What you will do: Could you output the whole listing exactly as it stands, minus any images?

Given material:
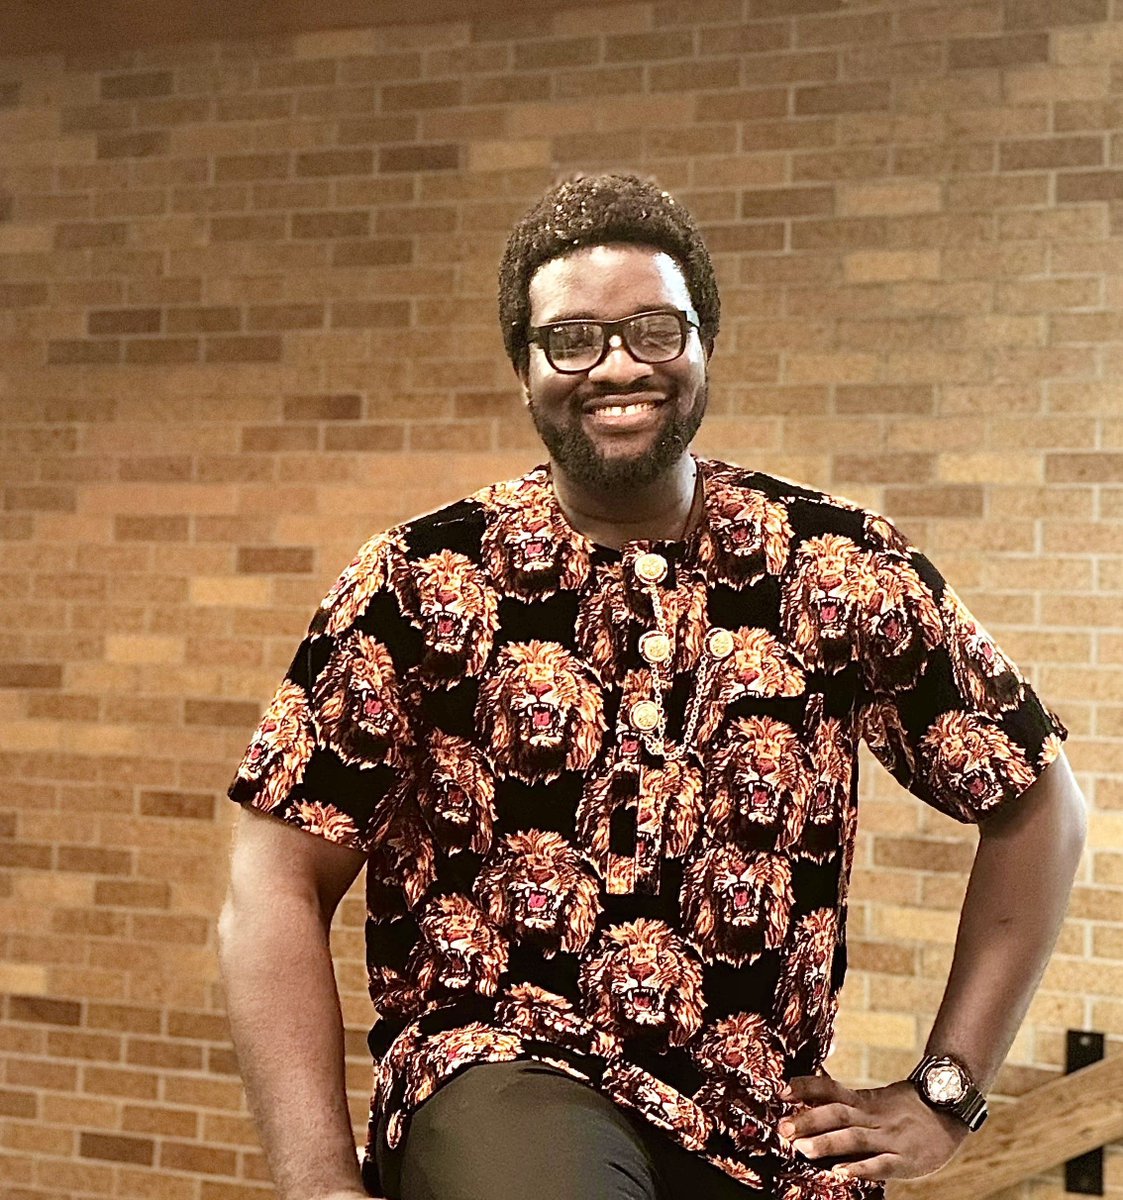 Meet @ChukwuOtutoA, Health Policy PhD student at @ihpmeuoft. As a 2023 Vanier Scholar, recipient of the 2023 IDRC International Doctoral Research Award, and #embedded graduate student with #IHSPR, Otuto is dedicated to shaping the future of health policy research! #BHM2024
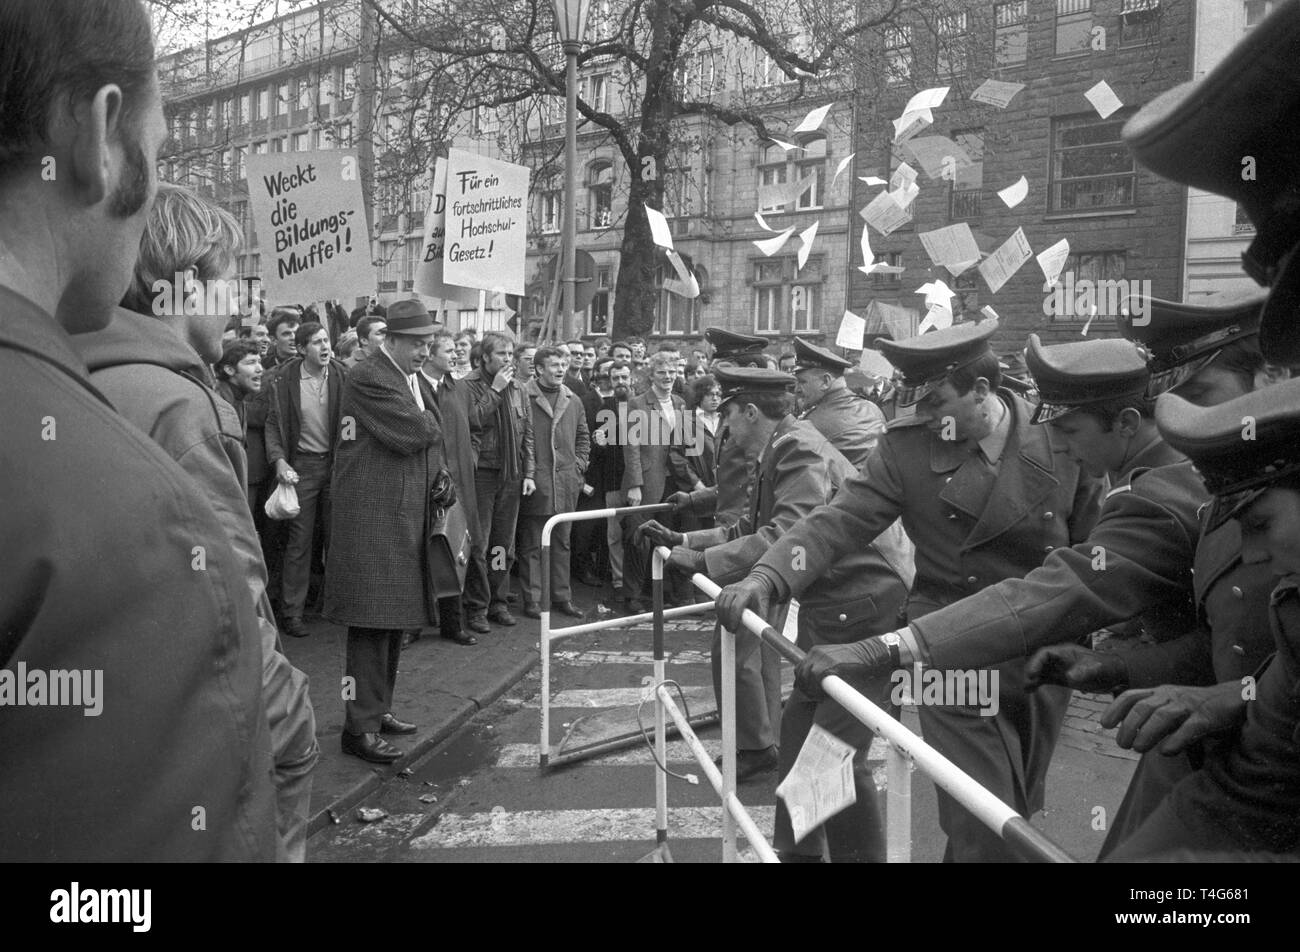 About 700 students demonstrate against a draft of the Higher Education Act in Duesseldorf on 23 April 1969. | usage worldwide Stock Photo
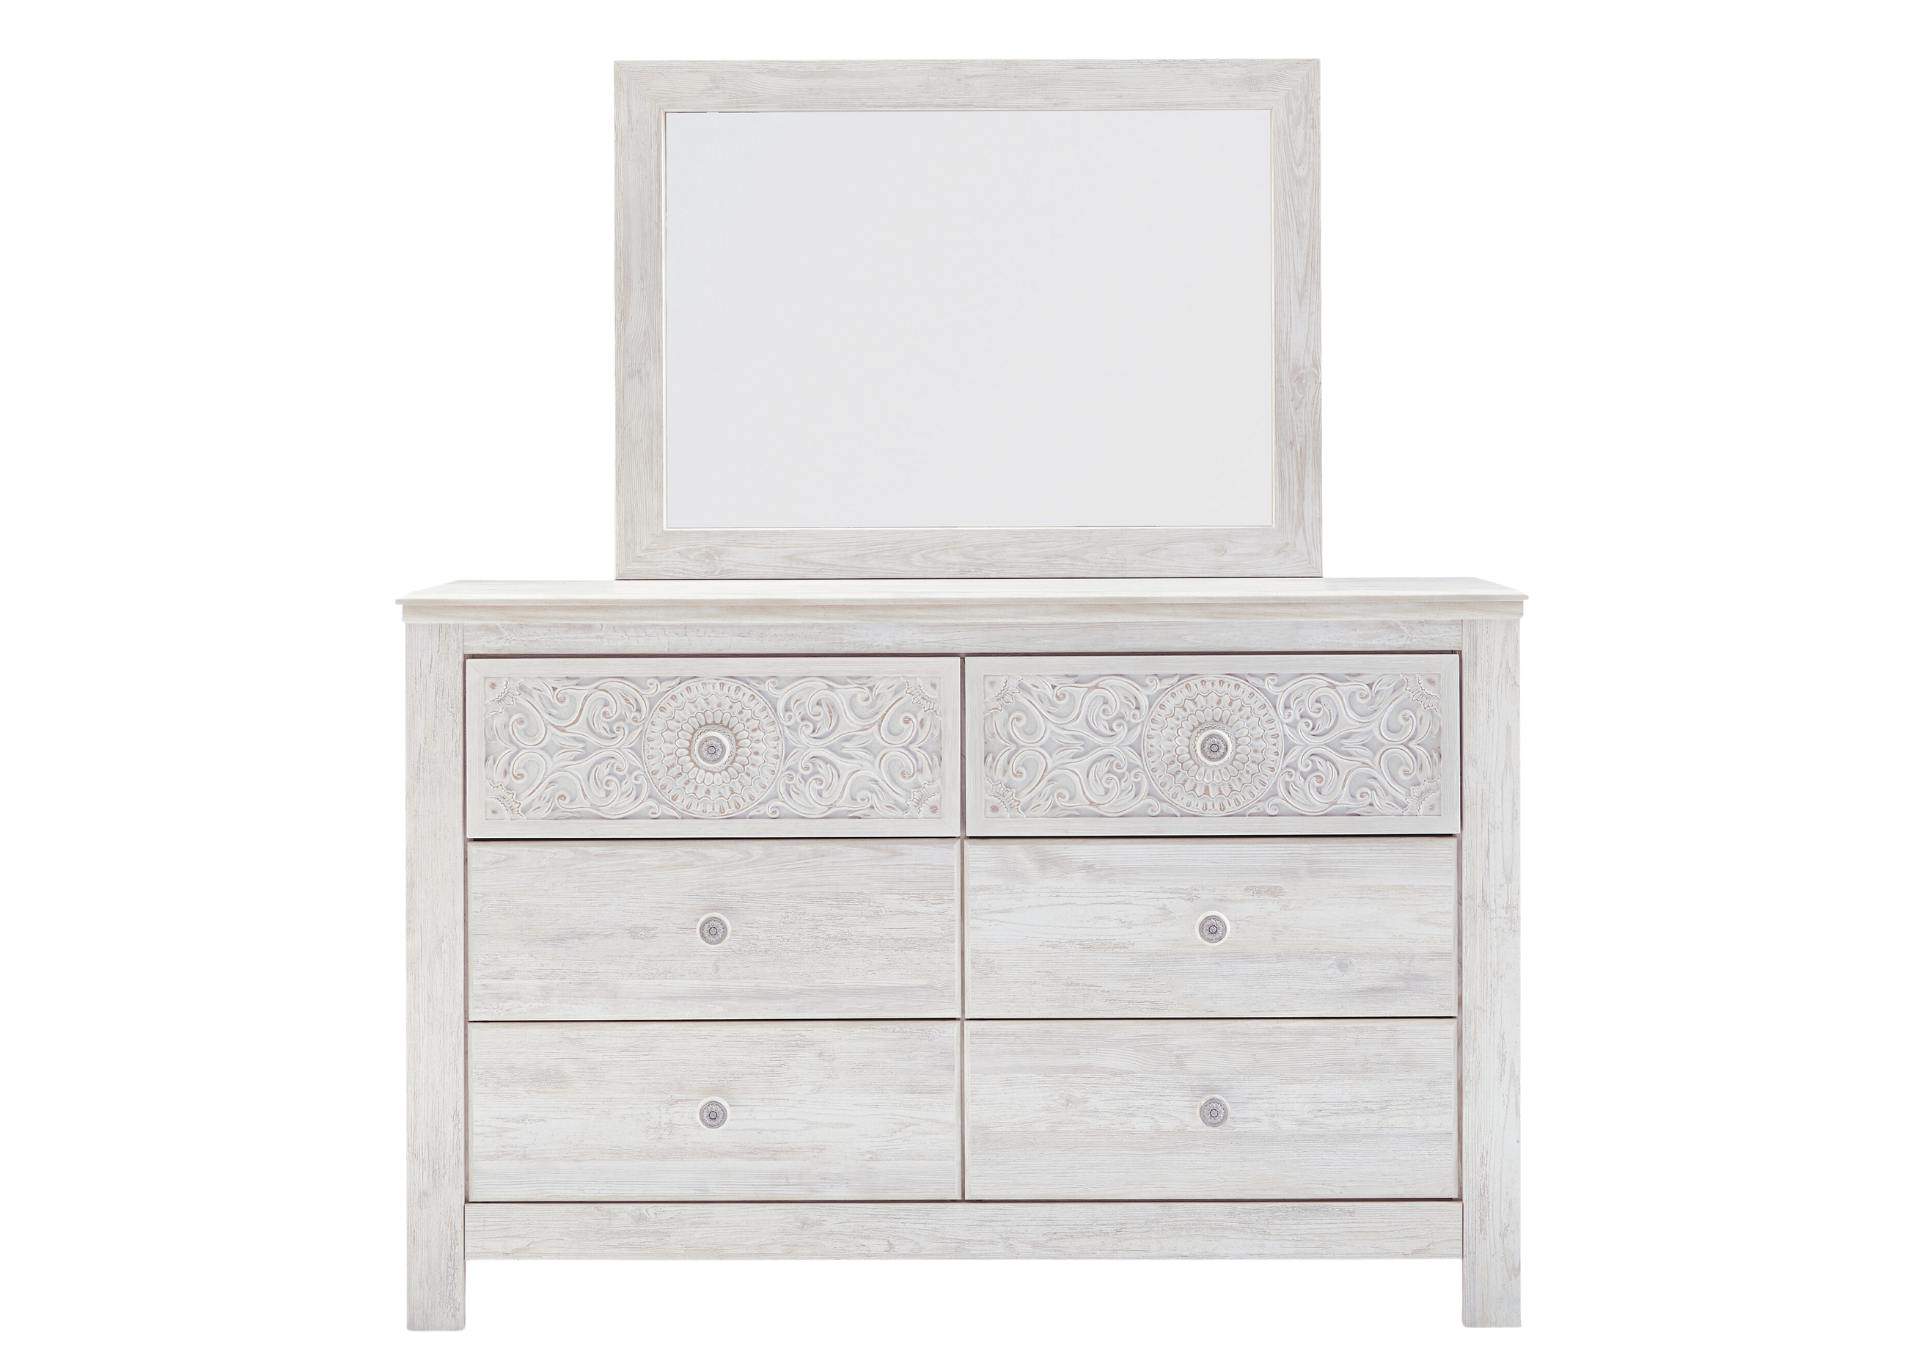 PAXBERRY DRESSER AND MIRROR

Answer space:
 Meet @ChukwuOtutoA, Health Policy PhD student at @ihpmeuoft. As a 2023 Vanier Scholar, recipient of the 2023 IDRC International Doctoral Research Award, and #embedded graduate student with #IHSPR, Otuto is dedicated to shaping the future of health policy research! #BHM2024
 About 700 students demonstrate against a draft of the Higher Education Act in Duesseldorf on 23 April 1969. | usage worldwide Stock Photo
 PAXBERRY DRESSER AND MIRROR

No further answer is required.